The problem is that pythons are large, ambush constrictors capable of killing and eating anything (including small humans) that lives in south Florida. From bird eggs, raccoons, opossums and great blue herons to white-tailed deer and alligators, pythons are equal opportunity predators.

Ecological havoc

In some parts of the park, small mammals have disappeared. Pythons wreak ecological havoc in south Florida’s subtropical environment.

Furthermore, the python’s basic biology suggests that the problem is long-term.

• Females can lay 30 to 40 eggs per year.

• Their bodies are cryptically colored so they blend in with the vegetation and are very difficult to find.

• Burmese pythons can grow up to 20 feet long, and they can live 20 years in captivity.

Collaborative effort

The 2016 Python Challenge is a collaborative effort by the FWC and the Florida Fish and Wildlife Foundation to rid south Florida of these destructive, invasive, exotic snakes.

Hunting

Though the goal of the Python Challenge is to eradicate them from south Florida, the hunt is not a free-for-all. Hunters must register, take an online class (including a mandatory quiz that hunters must score 80 percent or higher), and follow specific rules that outline where pythons can be captured and how they are to be transported.

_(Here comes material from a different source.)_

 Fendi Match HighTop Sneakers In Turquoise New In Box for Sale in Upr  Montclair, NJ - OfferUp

Captured pythons (dead or alive) must be taken to an official Python Challenge drop-off point to be measured and weighed.

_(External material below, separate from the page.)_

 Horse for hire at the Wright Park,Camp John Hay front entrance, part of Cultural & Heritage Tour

Though the Python Challenge makes perfect ecological sense, the Public Employees for Environmental Responsibility (PEER) objects that Everglades National Park be part of the event. PEER executive director Jeff Ruch opposes the park’s involvement because hunting is illegal in national parks. Ruch argues that the park does not have the authority to allow a hunt in the Park.

Under review

Everglades National Park spokeswoman Linda Friar told me via telephone that the park’s role in the challenge is under review. One way around this conundrum would be for the Park to designate snake hunters as “agents of the National Park Service” for the purpose of python control.

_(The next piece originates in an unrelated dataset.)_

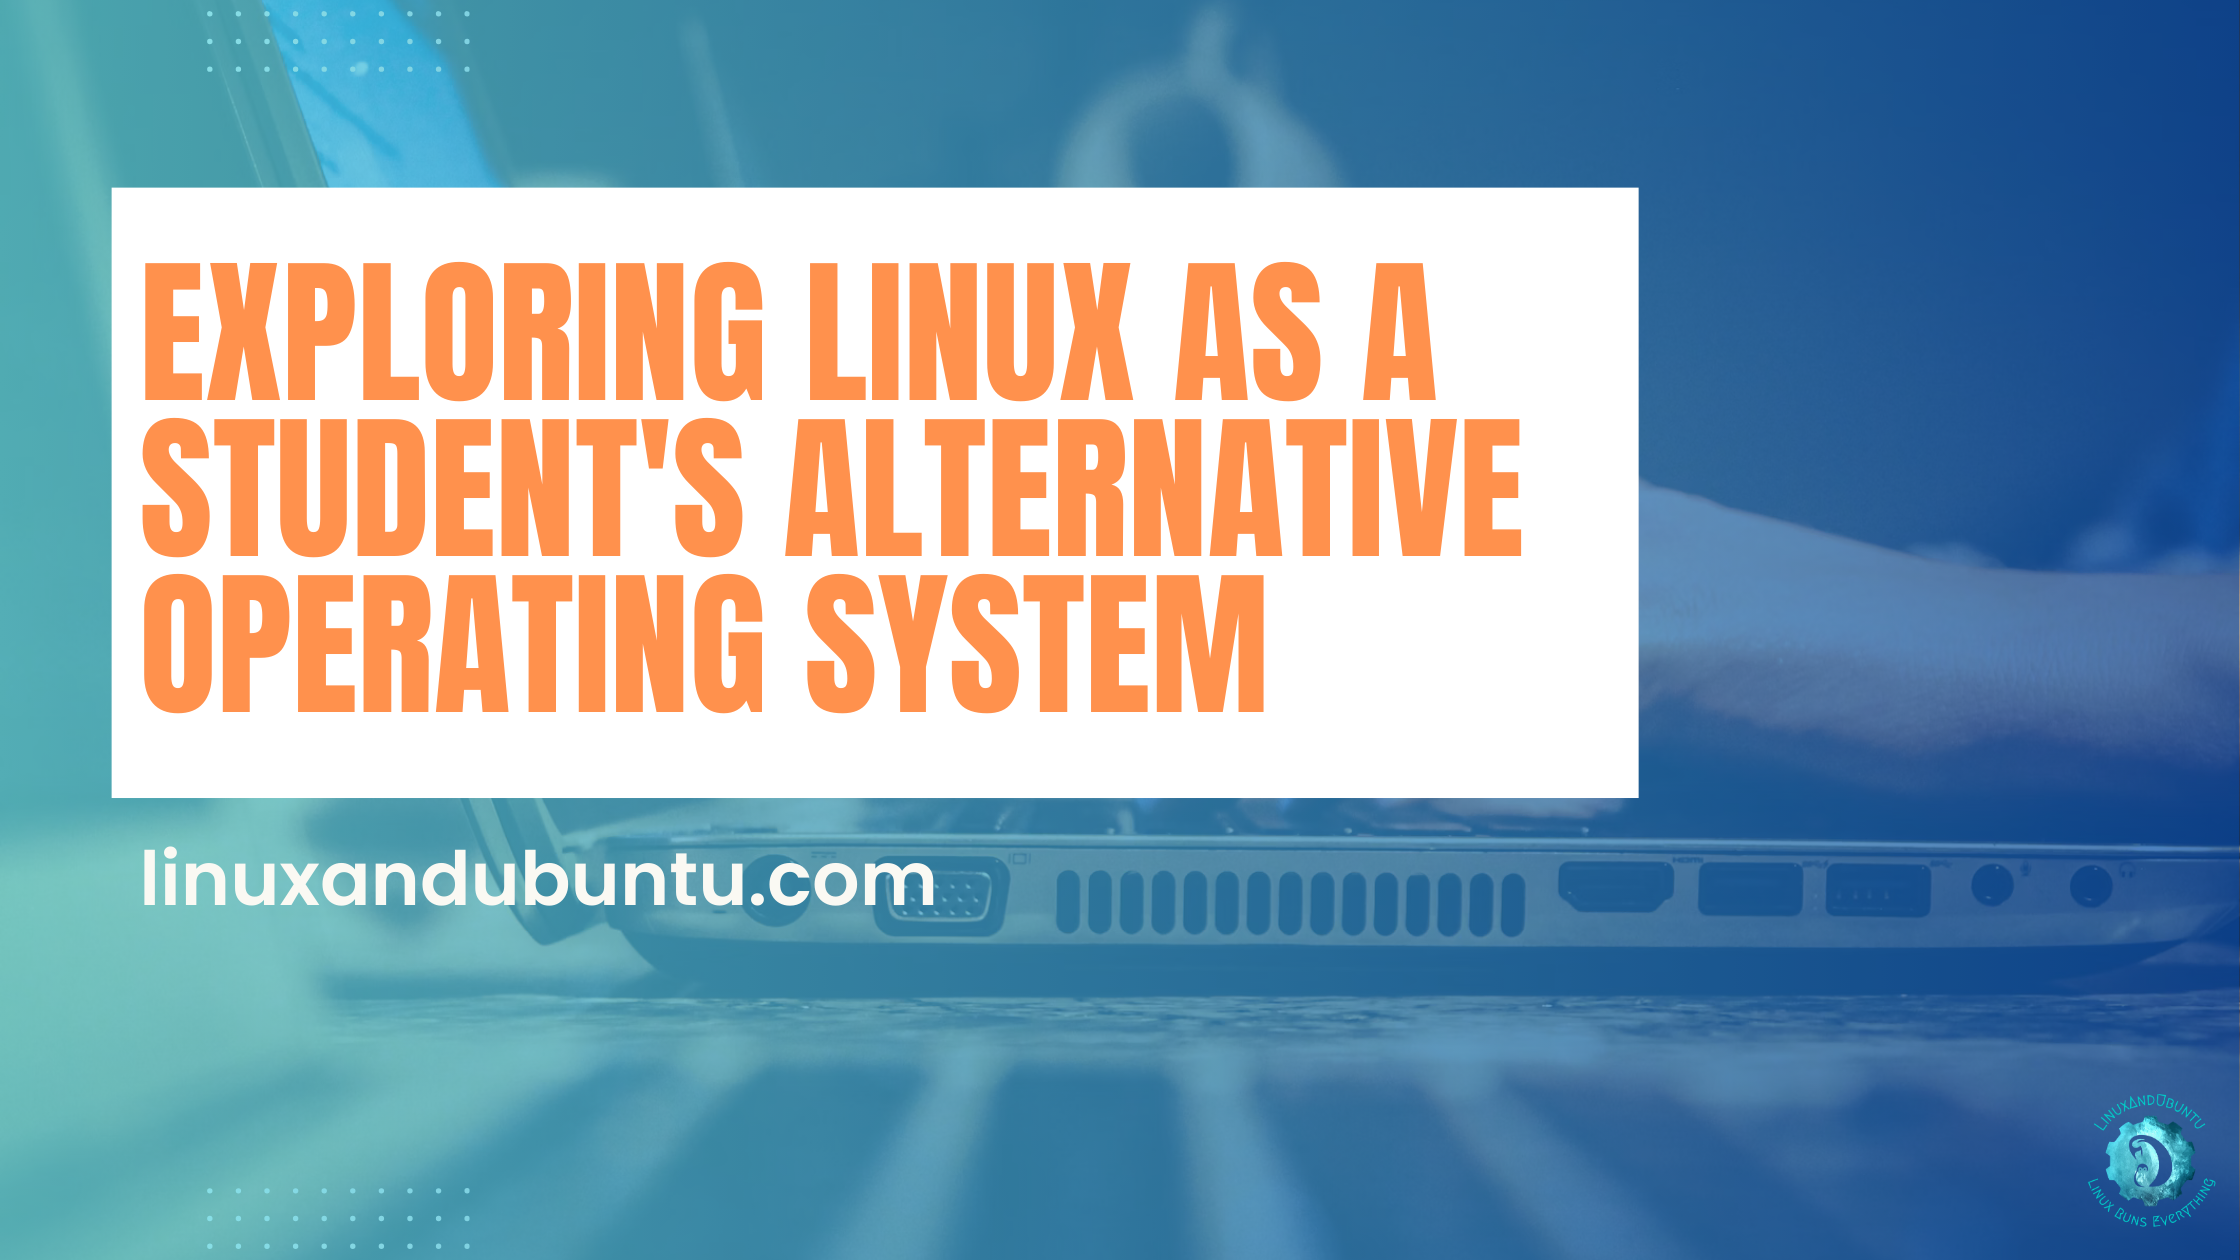 Exploring Linux as a Student's Alternative Operating System

Whether Everglades National Park will be part of the challenge has yet to be determined. Though pythons are among the largest and most terrifying invasive species plaguing the U.S., there are many others that take an ecological toll.

Food and competition

Like pythons, some eat native species. Some compete with native species for food or nesting sites. And some are just pests. Ironically, many were purposefully introduced with good intentions. For example, Asian multicolored lady beetles were introduced to control other insect pests. European starlings were introduced to remind early settlers of home. And multiflora rose and autumn olive seemed like good ideas when they were introduced more than 70 years ago to provide farmers with “living fences.”

Exotic species

Among the worst accidental examples of invasive, exotic species introductions are rats that reached oceanic islands via shipwrecks. About half of the extinctions of birds and reptiles on ocean islands can be blamed on rats.

If hunting large snakes (most in Florida are eight to 12 feet long) for a good cause sounds like a worthwhile challenge, plan a trip to the Sunshine State.

Registration fees

Registration fees range from $25 for individuals to $75 for teams of two to five hunters.

Prizes

Prizes range from $1,000 for the individual catching the longest python to $5,000 for the team that catches the most.